If you’re involved in marketing you undoubtedly utilize social media to try and connect with your audience., The big social networks, Facebook, Twitter, Instagram, YouTube, Google+, LinkedIn etc…, can be veritable goldmines if utilized correctly. But it often appears that “correctly” is a matter of opinion, instead of founded on fact.
There is no shortage of gurus, experts, conferences, books and videos that are available to “tell” you how to get it right. But if ANY of them held the answer, would their be any reason to read that next book, watch that next video or go to that next conference?
Well the answer is yes. And that answer is the same reason we share content on social media. We all have an innate desire to belong. To be a part of something. To connect with one another.

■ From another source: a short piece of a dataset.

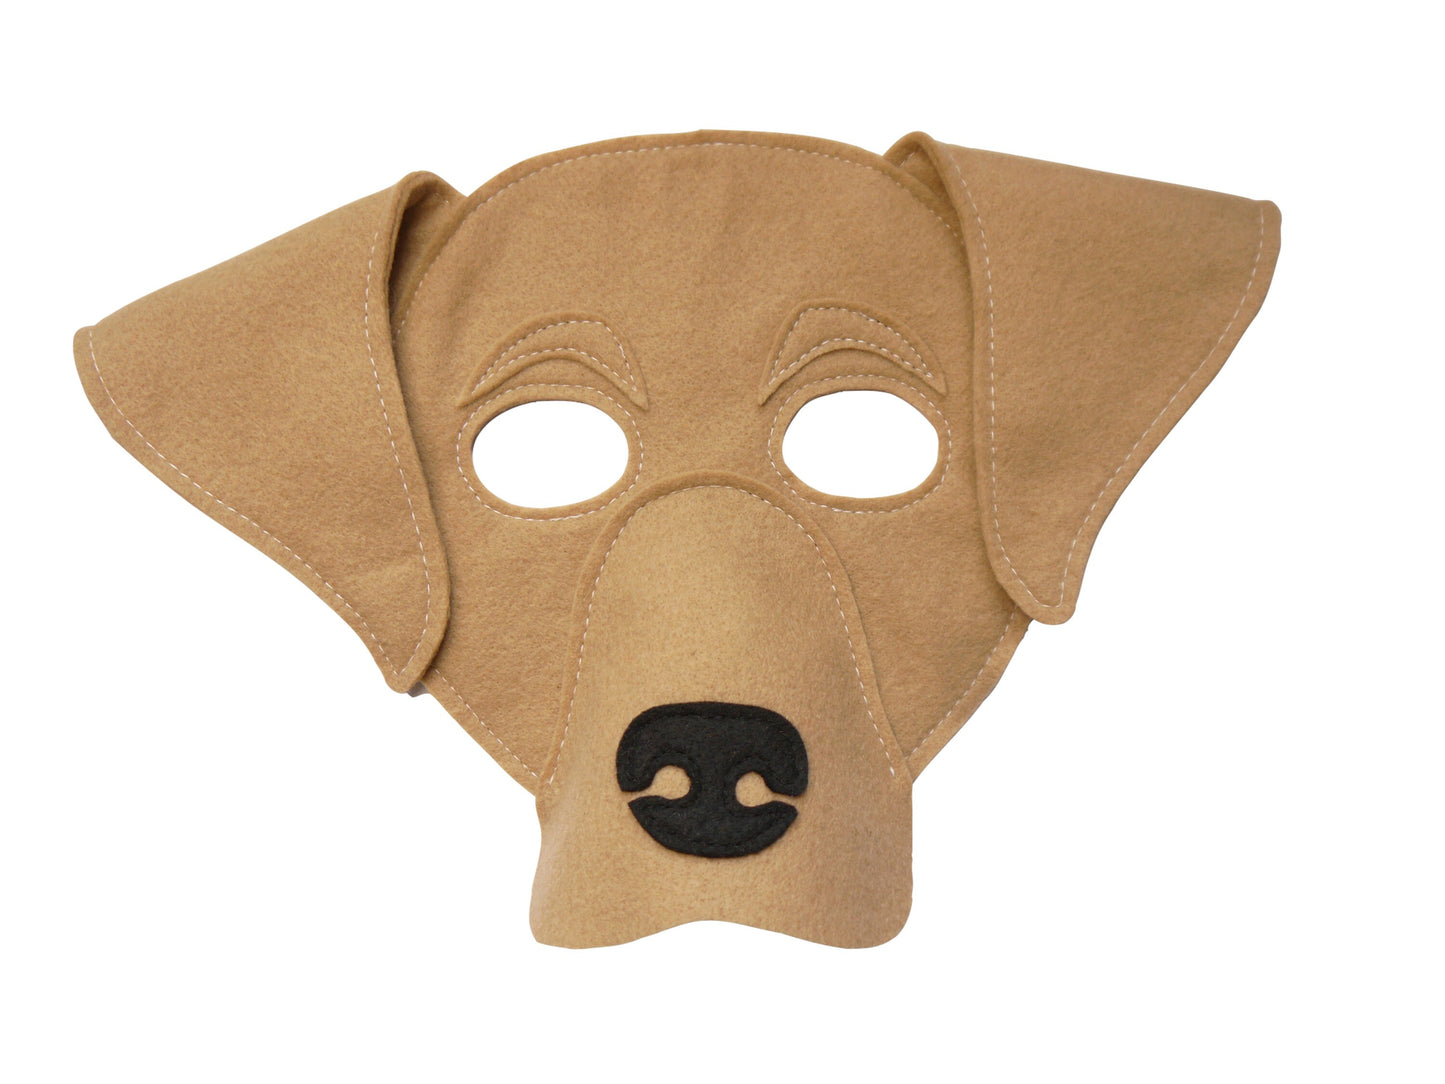 Golden Labrador Dog costume mask and paws

In late 2012, the New York Times consumer insights lab, with collaboration from Latitude Research, conducted a significant study. It was called The Psychology of Sharing.

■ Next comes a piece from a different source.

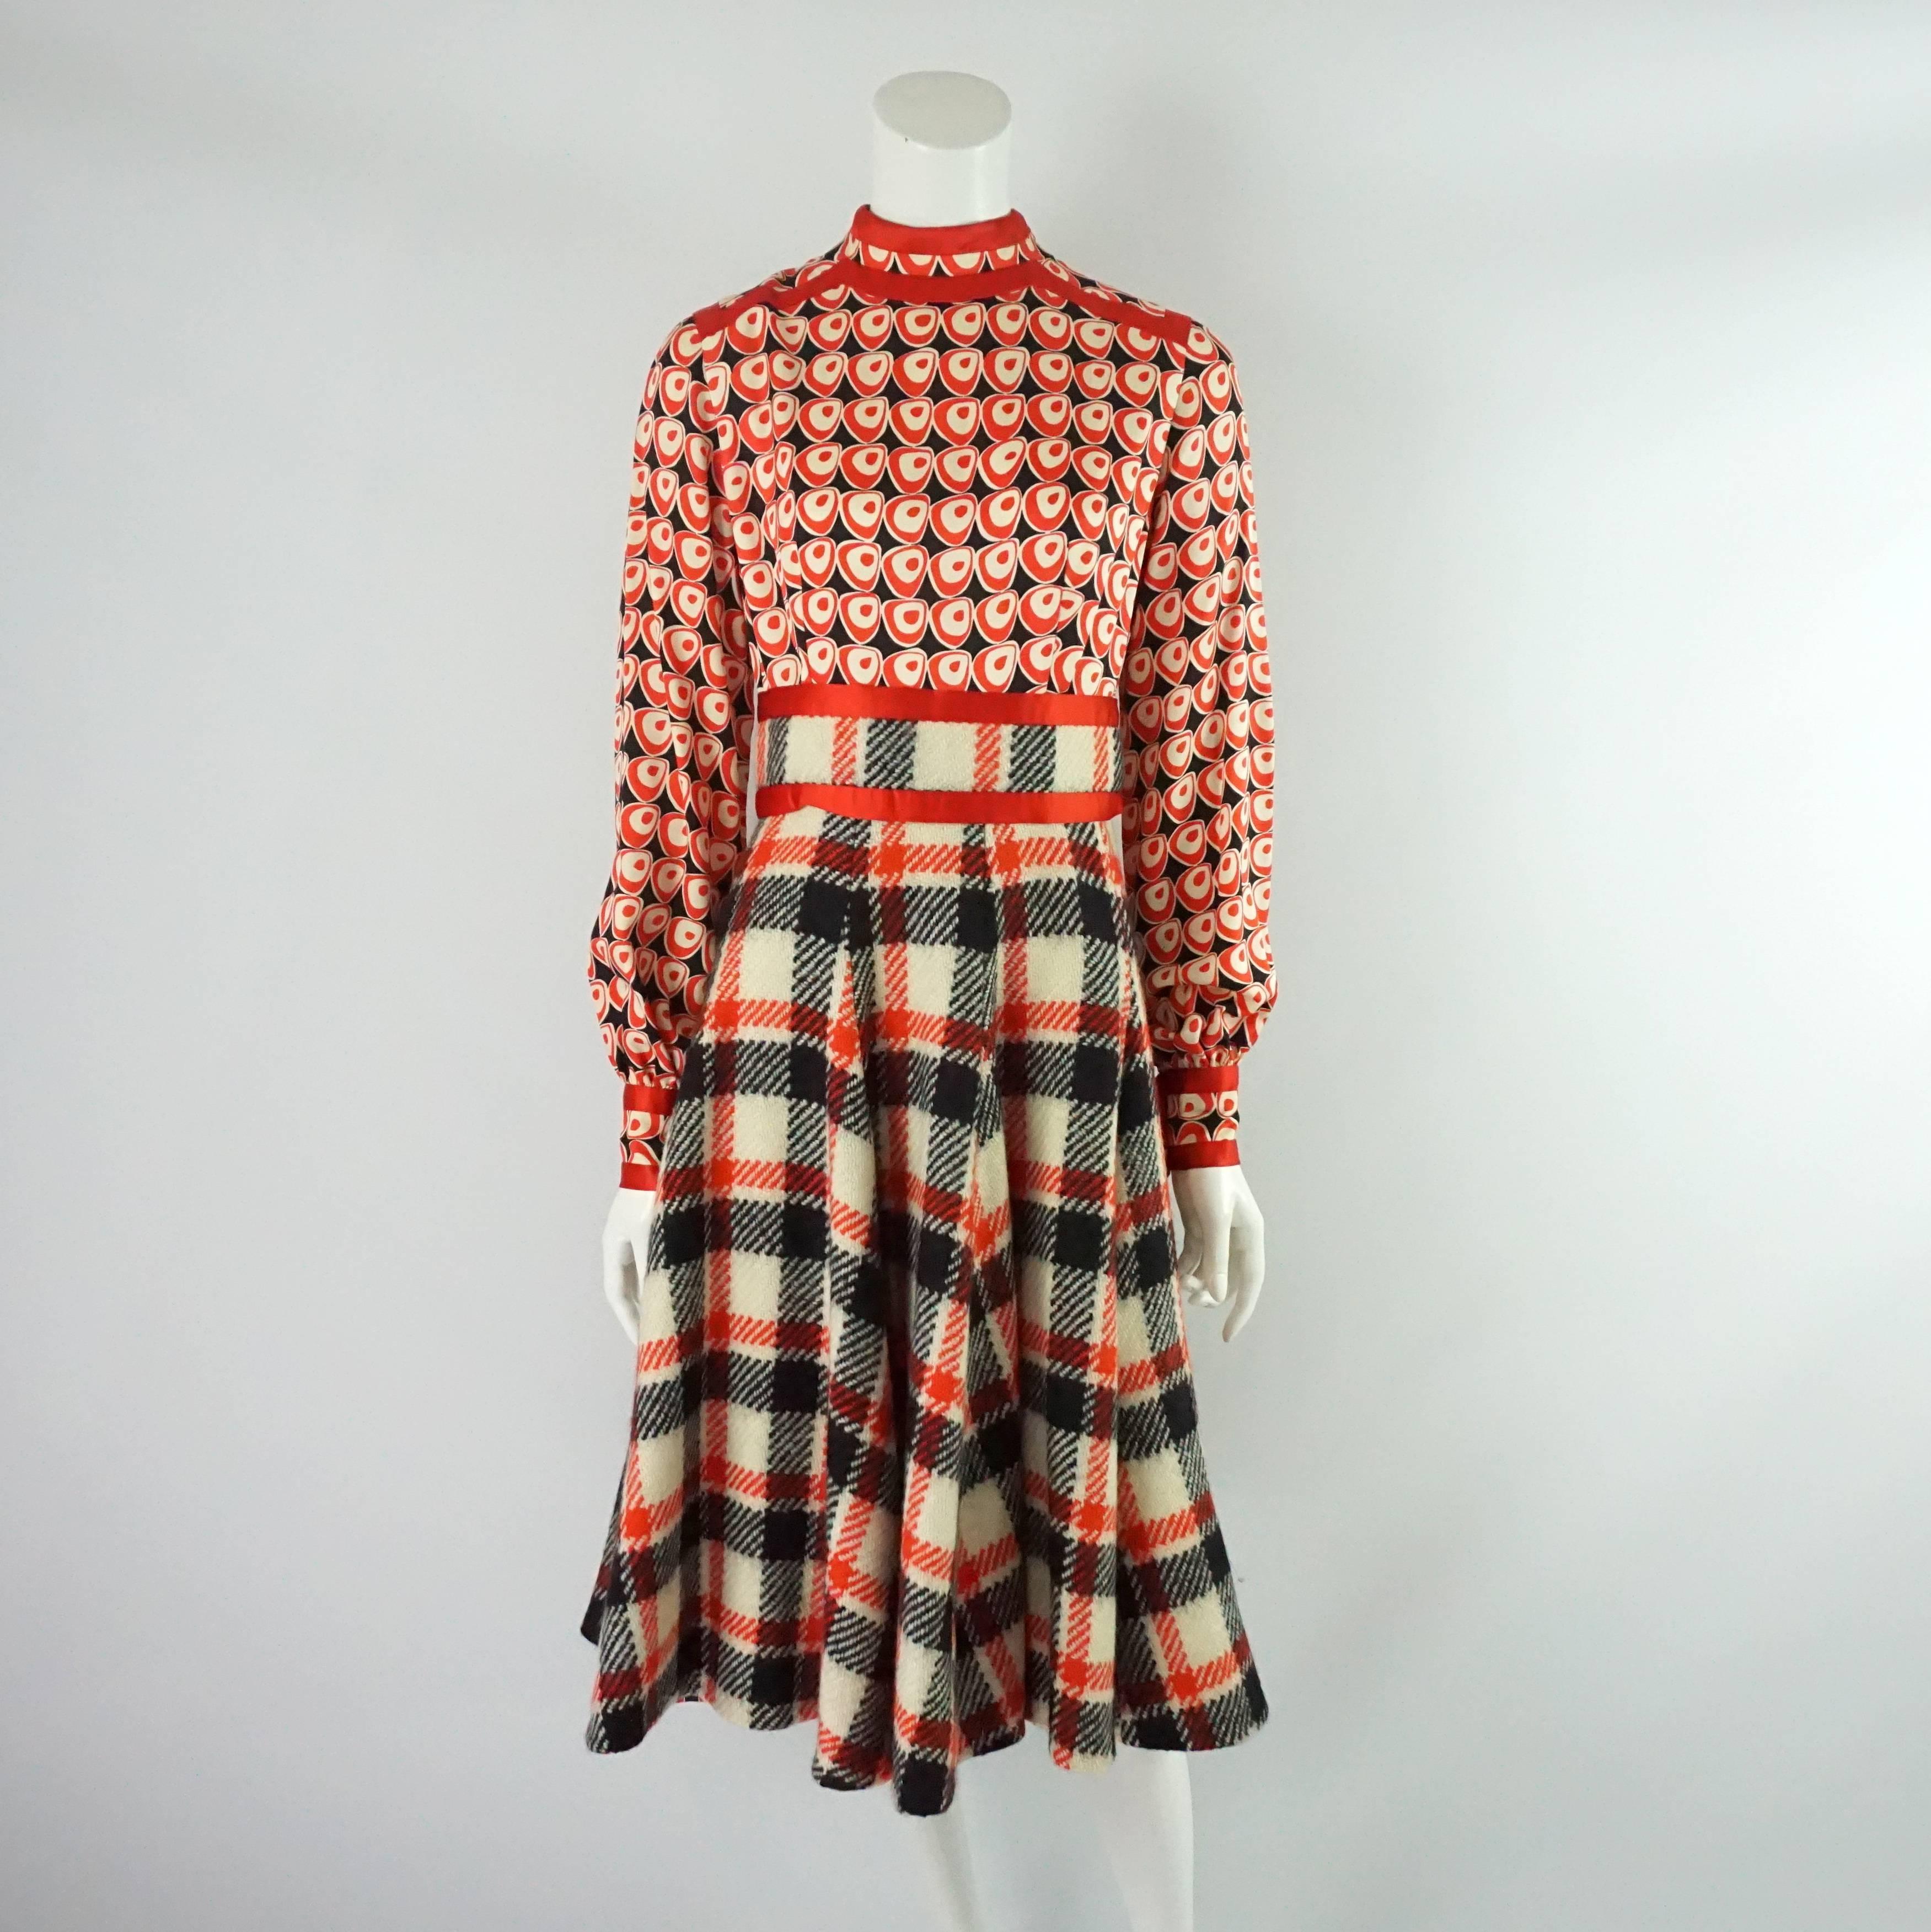 This classic yet funky Ronald Amey set comes with a long sleeve dress and jacket. The dress' bodice is a silk geometric print with a wool plaid skirt and red silk trim; it also has pockets in the front. The jacket is also a plaid wool with the red

The report had several significant findings. One of those being the five motivations that we all have for sharing.
The report says that the five motivations that compel us to share content on social media are:
- To provide useful, compelling, or entertaining media
- To define ourselves
- To feel like part of something larger
- To stay connected to close ones, and
- To promote causes.
Notice what’s not on the list? Marketers have been seeking the Holy Grail of social media for years and the answer to what people want has been revealed in study after study. Simon Sinek told us about it in one of my favorite TEDTalk videos. Freud wrote about decades ago. Why won’t people accept it?
Check this out. Here’s a Facebook post that makes the now famous Oreo tweet from last year seem like an abject failure:
Get it? Seriously look at this post. It has nearly 1.6 Million likes. Not for the fan page. But for this particular post! It has close to 50,000 comments and over 127,000 shares. It’s the most striking example of a piece of content nailing the five motivations for sharing on social media that I could find.
The problem many of us have is not taking the time to create or curate content that really matters and resonates. Too many marketers are primarily interested in promoting their “brand messaging”. Here’s a hint for you wayward brand managers and advertising agencies out there. If you posted or shared the image above, what message do you think it would have conveyed about your brand/client?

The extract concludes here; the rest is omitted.